Facts: A mass demonstration at Malacaang in protest against alleged abuses of the Pasig
police, to be participated in by the workers, the petitioners, in the first shift as well as those
in the regular second and third shifts and that they informed the Company of their proposed
demonstration. a meeting was called by the Company. The Management,informed PBMEO
that the demonstration is an inalienable right of the union guaranteed by the Constitution
but emphasized, however, that any demonstration for that matter should not unduly
prejudice the normal operation of the Company. For which reason the Company warned the
PBMEO representatives that workers who belong to the first and regular shifts, who without
previous leave of absence approved by the Company, particularly, the officers present who
are the organizers of the demonstration, who shall fail to report for work the following
morning shall be dismissed, because such failure is a violation of the existing CBA and,
therefore, would be amounting to an illegal strike.

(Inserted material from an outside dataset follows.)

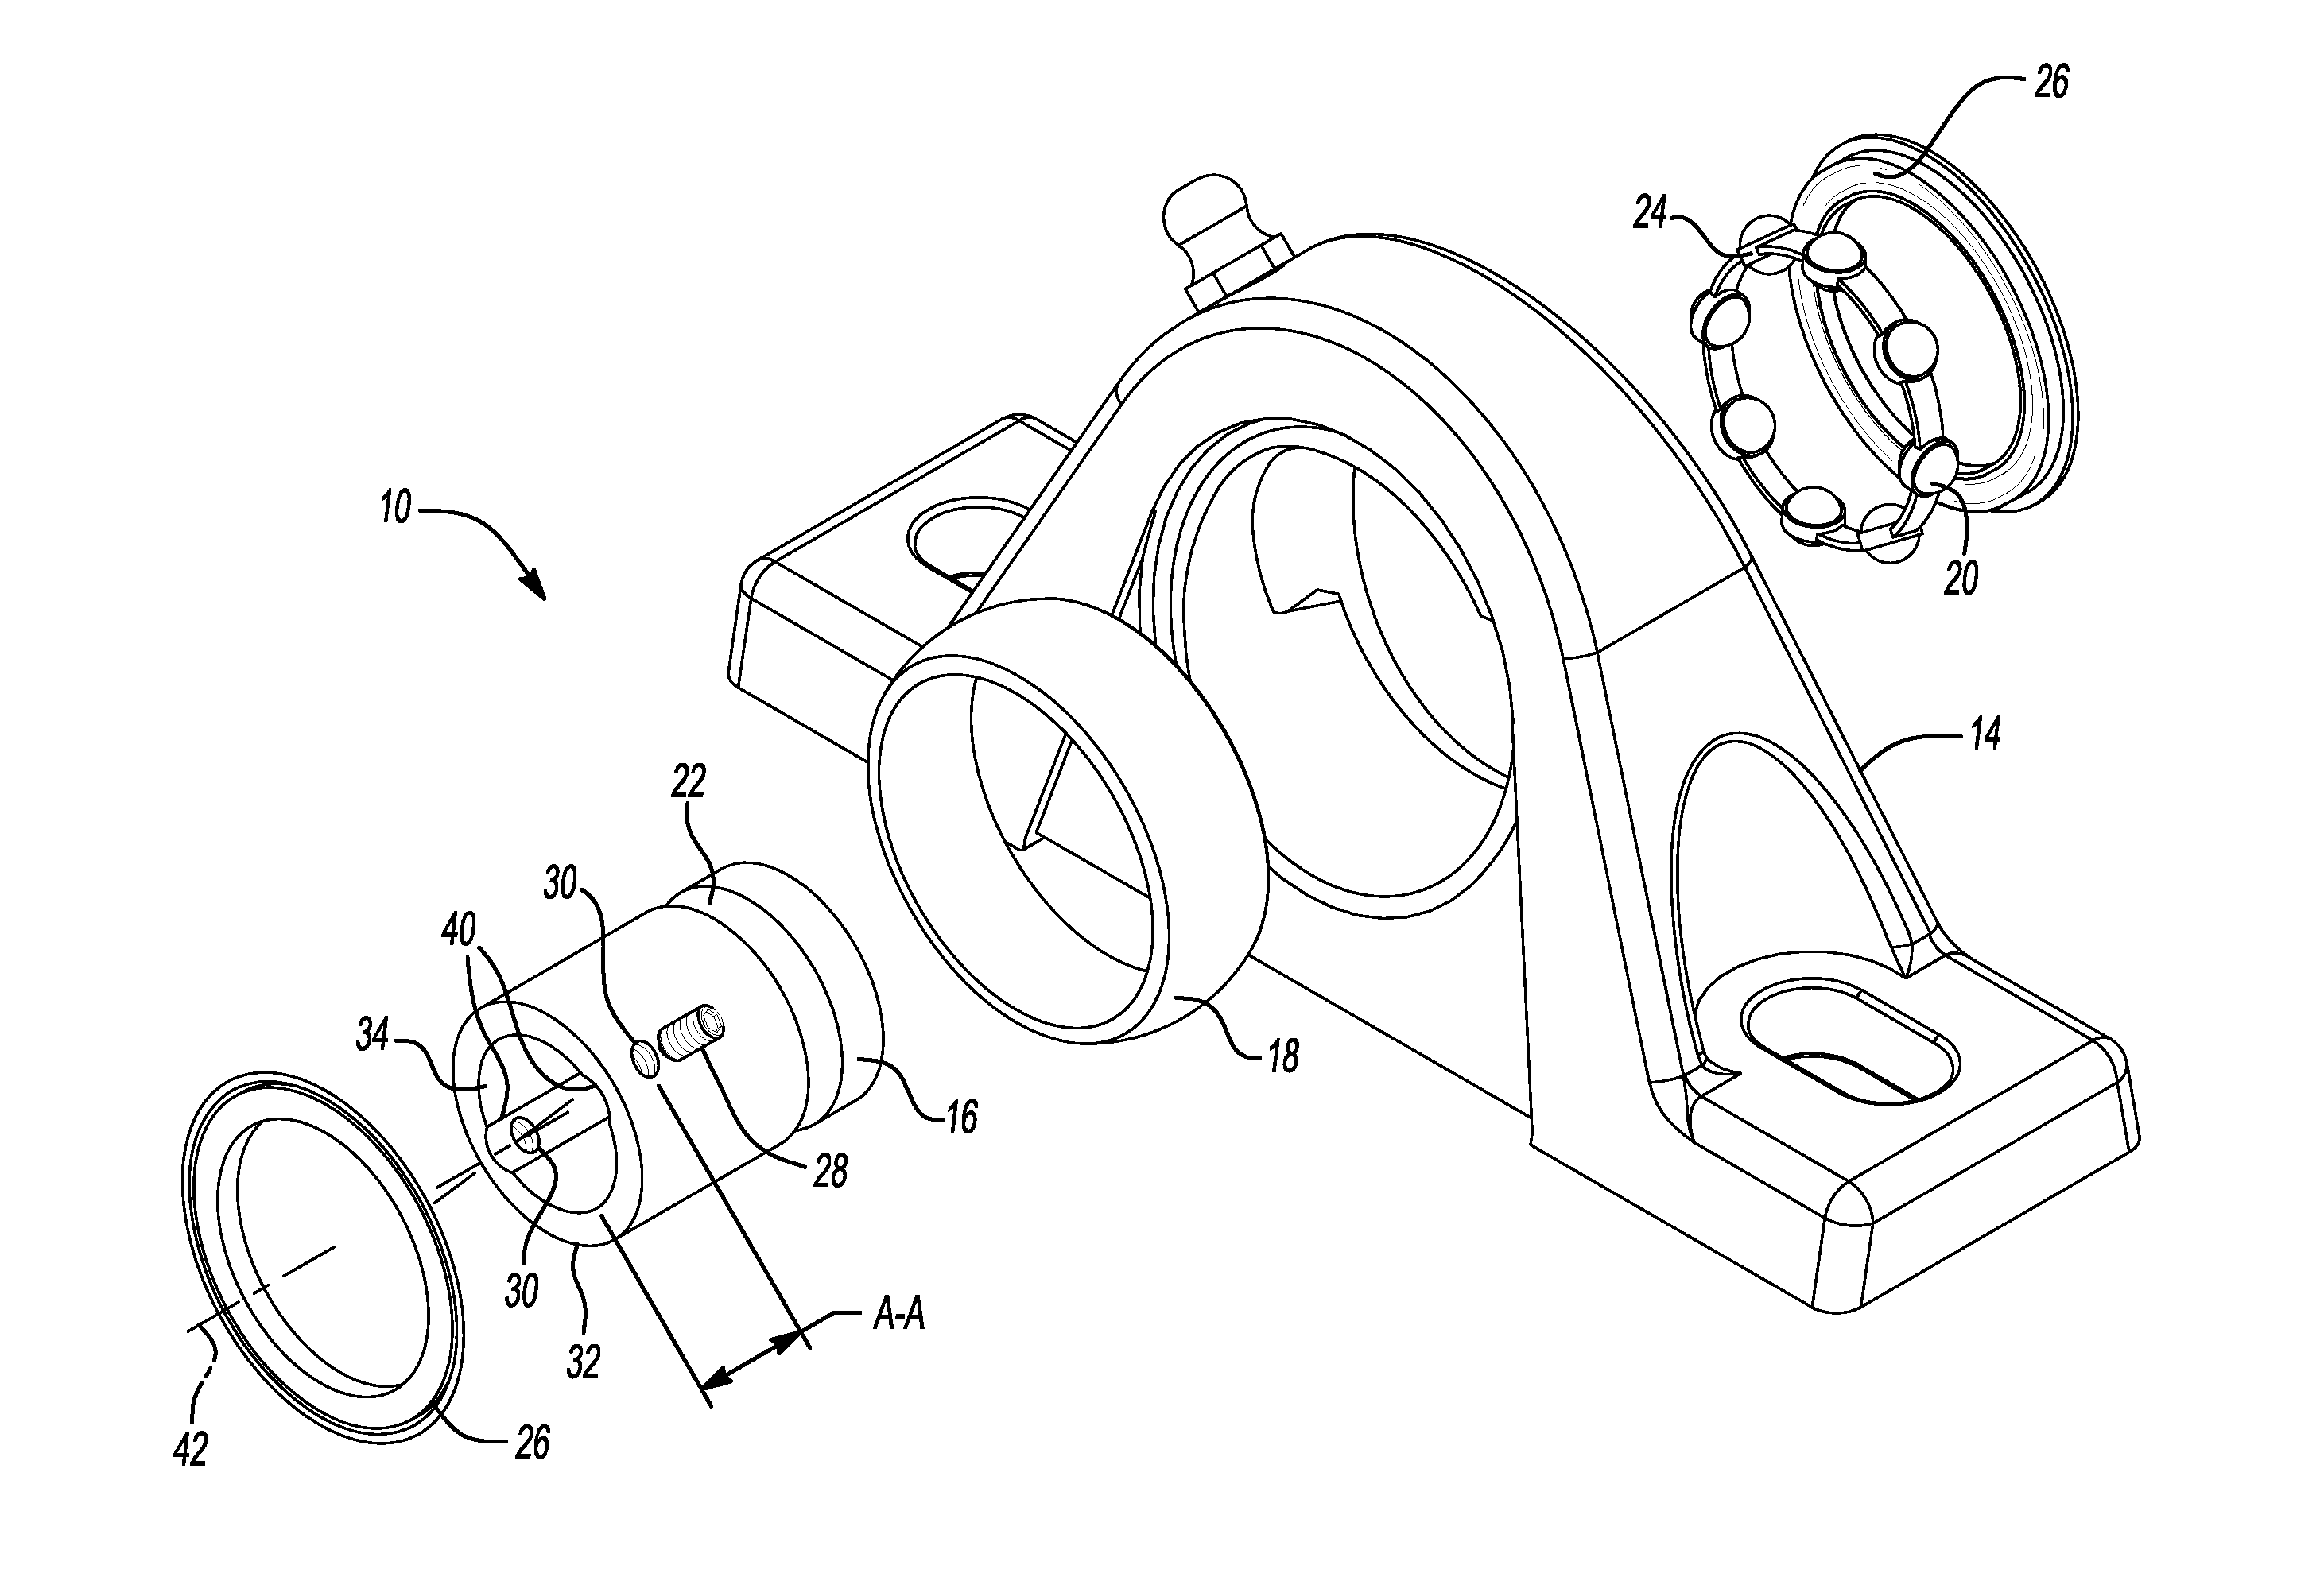 Burr resistant fastener-mounted bearing assembly

Because the petitioners and their members proceeded with the demonstration despite the
pleas of the Company that the first shift workers should not be required to participate in the
demonstration and that the workers in the second and third shifts should be utilized for the
demonstration, the Company prior notice of the mass demonstration, with the Court of
Industrial Relations, a charge against petitioners and other employees who composed the
first shift, charging them with a violation of No Strike, No Lockout Clause.

Issue: Is the Company guilty of Unfair Labor Practice?

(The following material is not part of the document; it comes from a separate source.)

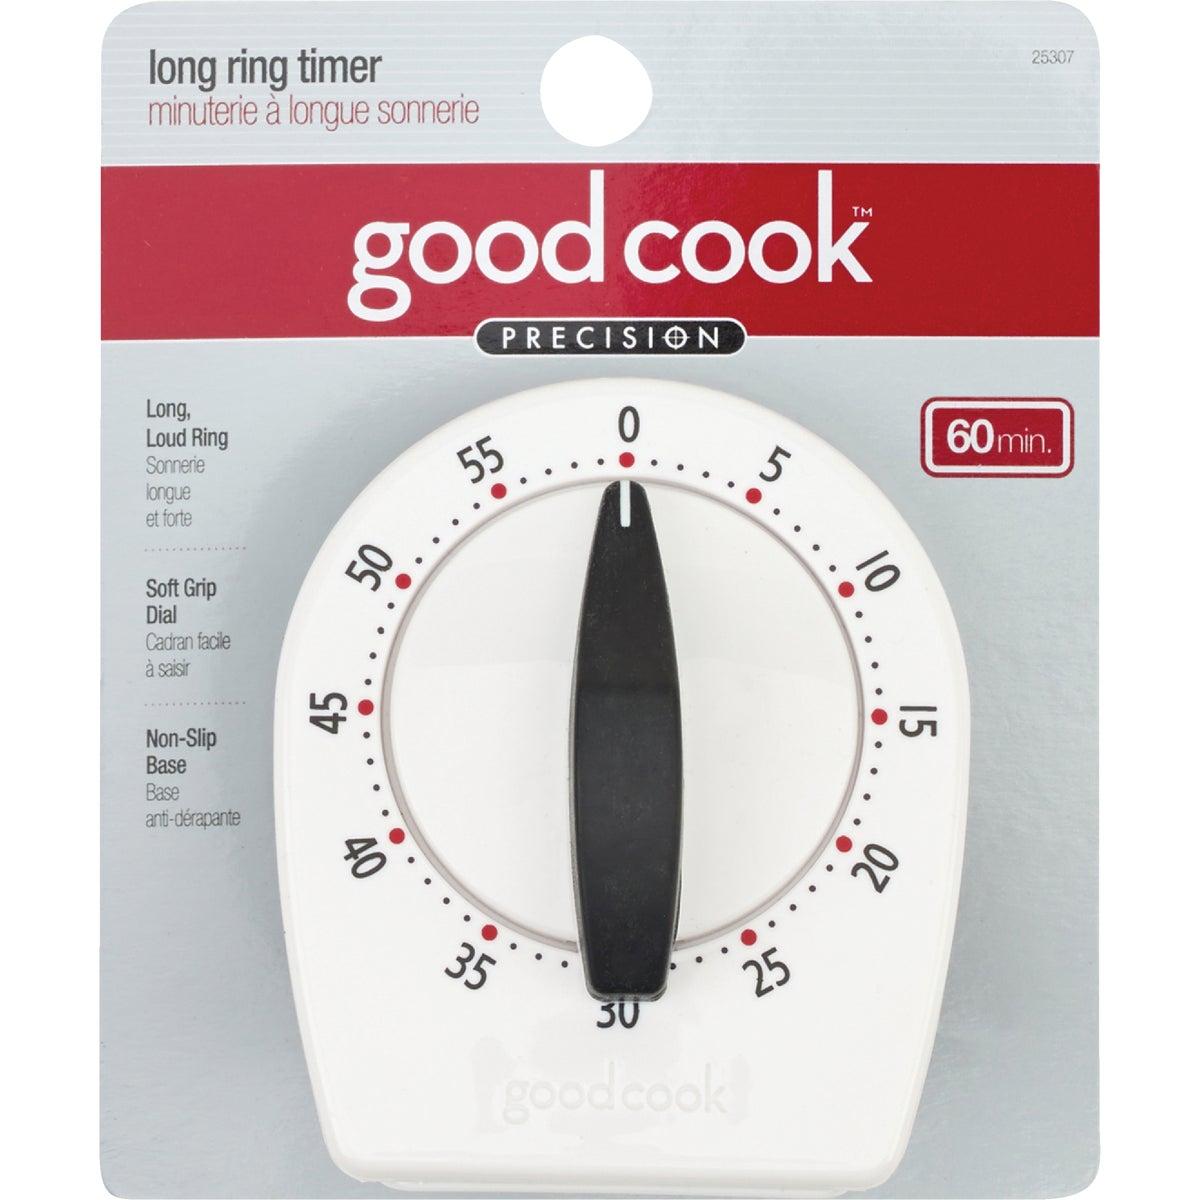 Item 626393, 60-minute long ring timer has a soft dial grip and non-slip base.

Held: Yes. The respondent company is the one guilty of unfair labor practice. Because the
refusal on the part of the respondent firm to permit all its employees and workers to join the
mass demonstration against alleged police abuses and the subsequent separation of the eight
(8) petitioners from the service constituted an unconstitutional restraint on the freedom of
expression, freedom of assembly and freedom petition for redress of grievances, the
respondent firm committed an unfair labor practice defined in Section 4(a-1) in relation to
Section 3 of Republic Act No. 875, otherwise known as the Industrial Peace Act. Section 3
of Republic Act No. 8 guarantees to the employees the right "to engage in concert activities
for ... mutual aid or protection"; while Section 4(a-1) regards as an unfair labor practice for
an employer interfere with, restrain or coerce employees in the exercise their rights
guaranteed in Section Three."

We repeat that the obvious purpose of the mass demonstration staged by the workers
of the respondent firm on March 4, 1969, was for their mutual aid and protection against
alleged police abuses, denial of which was interference with or restraint on the right of the
employees to engage in such common action to better shield themselves against such alleged
police indignities. The insistence on the part of the respondent firm that the workers for the
morning and regular shift should not participate in the mass demonstration, under pain of
dismissal, was as heretofore stated, "a potent means of inhibiting speech."